ROANOKE TIMES Copyright (c) 1996, Roanoke Times DATE: Thursday, June 6, 1996 TAG: 9606060040 SECTION: EDITORIAL PAGE: A-8 EDITION: METRO
AMERICANS expect their drinking water to be safe. If it isn't, they should know. If they know, they can act to protect their health - individually, by buying a filter or bottled water, or collectively, by pressuring suppliers to make it safe.
Common sense? Yes. Yet, when the Senate voted to reauthorize the nation's Safe Drinking Water Act last year, it failed to include a provision to ensure that consumers would be told of hazardous contaminants in their tap water. And no such provision has been added to House Commerce Chairman Thomas Bliley's draft as his committee prepares to take up the bill.
Consumers probably assume they would be told if their drinking water had anything in it that might make them or their families sick. Some would be told. But some would not, because utilities are required to tell customers of contaminants only if a federal health standard has been violated.
If there is no standard, there can be no violation. If there is no violation, no report has to be made - to the Environmental Protection Agency or to the people drinking the water.

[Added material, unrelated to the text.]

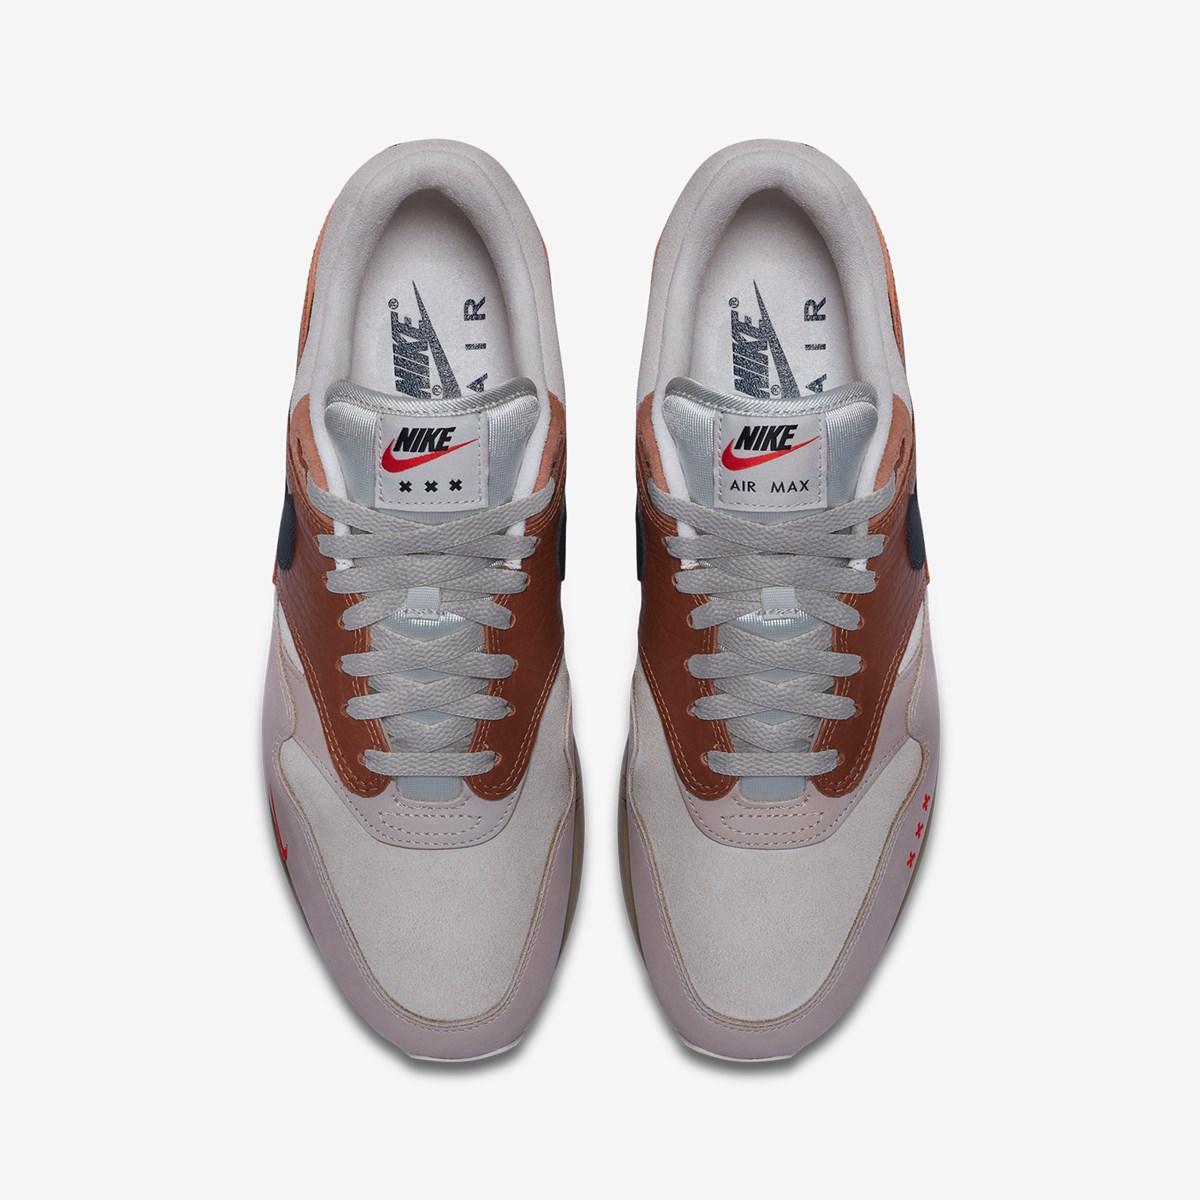 """Nike Air Max 1 """"Amsterdam"""" - Cv1638-200 - SNS   sneakers & streetwear online since 1999"""

As it happens, many hazards aren't regulated by outdated federal standards. One is cryptosporidium, a fecal-borne parasite that killed more than 100 people in Milwaukee and made a quarter of the city's population - about 400,000 people - sick in 1993. (The EPA now has ordered the largest municipal water suppliers to test for the micro-organism for 18 months in an effort to assess its prevalence.)
Such serious incidents have led to bipartisan support for requiring that the public be told, in understandable language, if their drinking water contains contaminants that may pose a health risk. Still, Bliley, the Republican from Richmond, resists.
Opponents worry that requiring such notice would be expensive and alarmist, giving consumers information they wouldn't understand and creating unwarranted fears. Water suppliers would be responsible, though, for presenting the information in understandable language with a reasonable assessment of the hazard posed. As for the cost, the Congressional Budget Office estimates it would be 3 to 20 cents per household per year.
Surely consumers are willing to drink - safely - to that.
Correction
The Tiananmen Square massacre occurred in 1989. The year was incorrect in an editorial Tuesday.